Marchés

Taux : ne réagissent ni à la chute du Nasdaq, ni à celle du pétrole

Publié le 9 juin 2026 à 18h36

Le brusque décrochage du Nasdaq-100 (pratiquement -3% vers 18h15) n'entraîne toujours pas d'arbitrages "risk-off" en faveur des marchés obligataires, lesquels stagnent littéralement aux Etats-Unis avec des T-Bonds à 10 ans qui n'effacent que -2 pts vers 4,53% et le "30 ans" cède péniblement 1 pt vers 5,013%. L'occasion de voir les taux se détendre était pourtant belle avec le recul de -5,7% du baril de "WTI" vers 86 USD, au plus bas depuis le 29 mai ou le 21 avril en intraday.

Ce recul, qui s'est confirmé au fil des heures, est porté par les espoirs d'accalmie au Moyen-Orient : Donald Trump avait en effet assuré ce matin que ses équipes menaient d'"ultimes efforts" pour conclure un accord de paix avec la République islamique.

Même le communiqué du ministère de la Défense iranien, indiquant vouloir poursuivre "avec plus de vigueur et de rapidité la production et le développement des équipements, armements et systèmes requis par les forces armées", n'avait pas entamé l'optimisme des marchés.

Les dégagements sur le pétrole avaient débuté dès lundi matin alors que les membres de l'OPEP ont annoncé dimanche une 4? hausse consécutive de leurs quotas, de 188 000 b/j, pour juillet.

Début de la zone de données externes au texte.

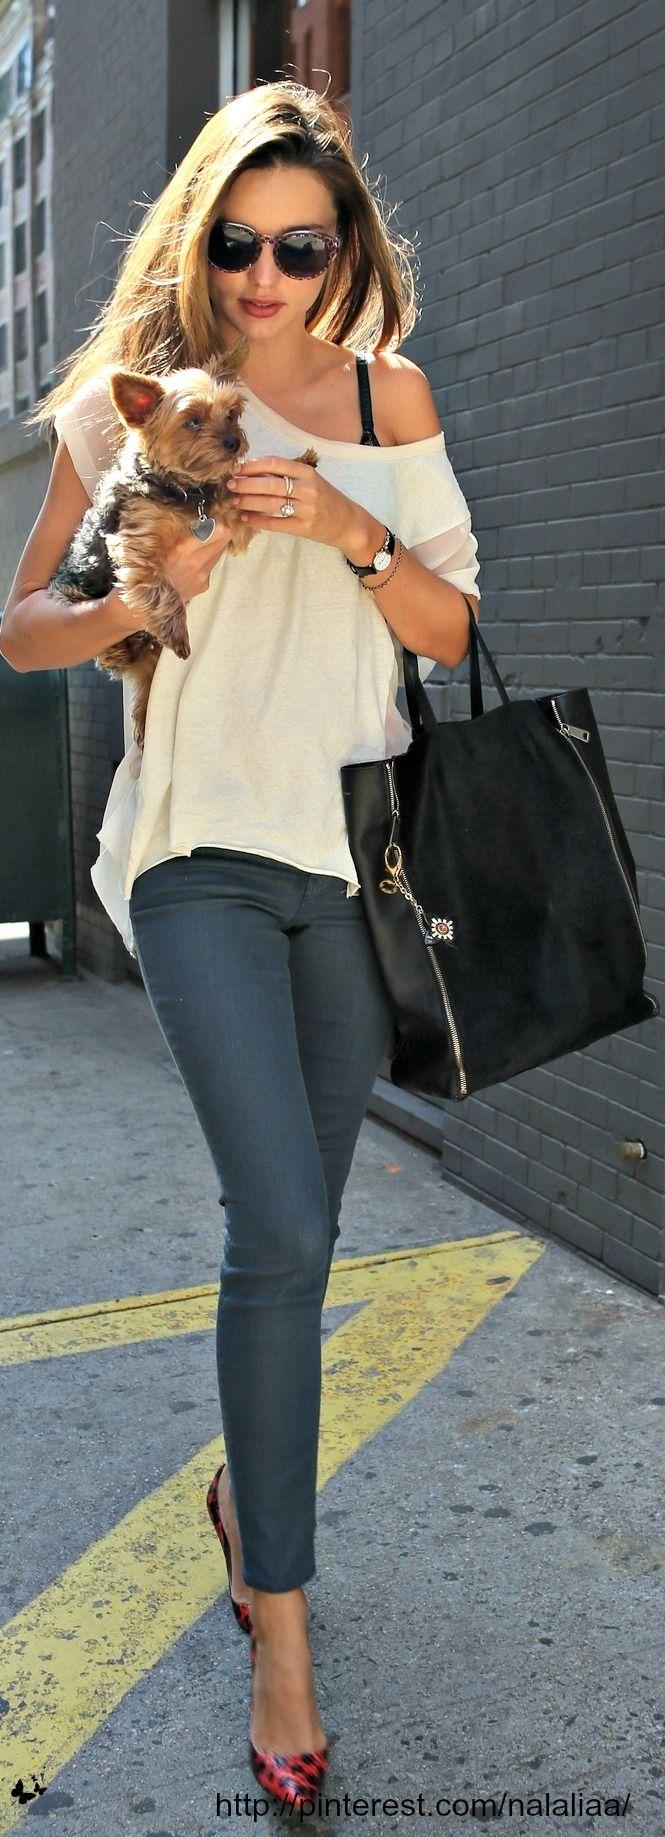 Street style - Miranda Kerr - Celine bag <3 na

Néanmoins, Frédéric Lorec, analyste pétrole chez AlphaValue, rappelle que la production effective du cartel est passée de 42,77 Mb/j en février à 33,19 Mb/j en avril, soit un déficit de 9,6 Mb/j directement imputable à la fermeture du détroit.

"Ils n'ont pas produit plus ; ils ont produit massivement moins. Annoncer des barils supplémentaires dans ce contexte relève de la pure communication. Le détroit étant fermé, ces barils n'atteindront pas le marché", souligne le spécialiste.

En Europe, les émissions libellées en euros semblent également figées à 48 h de la très probable annonce d'une première hausse de taux par la BCE face à l'accélération de l'inflation européenne à 3,2% en mai.

Les Bunds, les OAT et les BTP italiens effacent -1,5 pt vers 3,05%, 3,70% et 3,818% respectivement.

Certains évoquent une "erreur" comme celle commise par Jean-Claude Trichet il y a 15 ans, au début de l'été 2011, juste avant que n'éclate la "crise grecque" : certains estiment que la réouverture du détroit d'Ormuz rendra l'épisode inflationniste actuel "transitoire", contrairement à 2021.

La Bank of Japan pourrait également relever ses taux le 15 juin et porter le loyer de l'argent à 1,00% : le "10 ans" nippon a cependant reperdu 3,2 pts de rendement ce mardi matin vers 2,685%, favorisant un solide rebond de Tokyo (la baisse du pétrole apporte également un net soulagement).

Les "Gilts" ressortent comme les grands gagnants du jour avec -4 pts vers 4,9060%.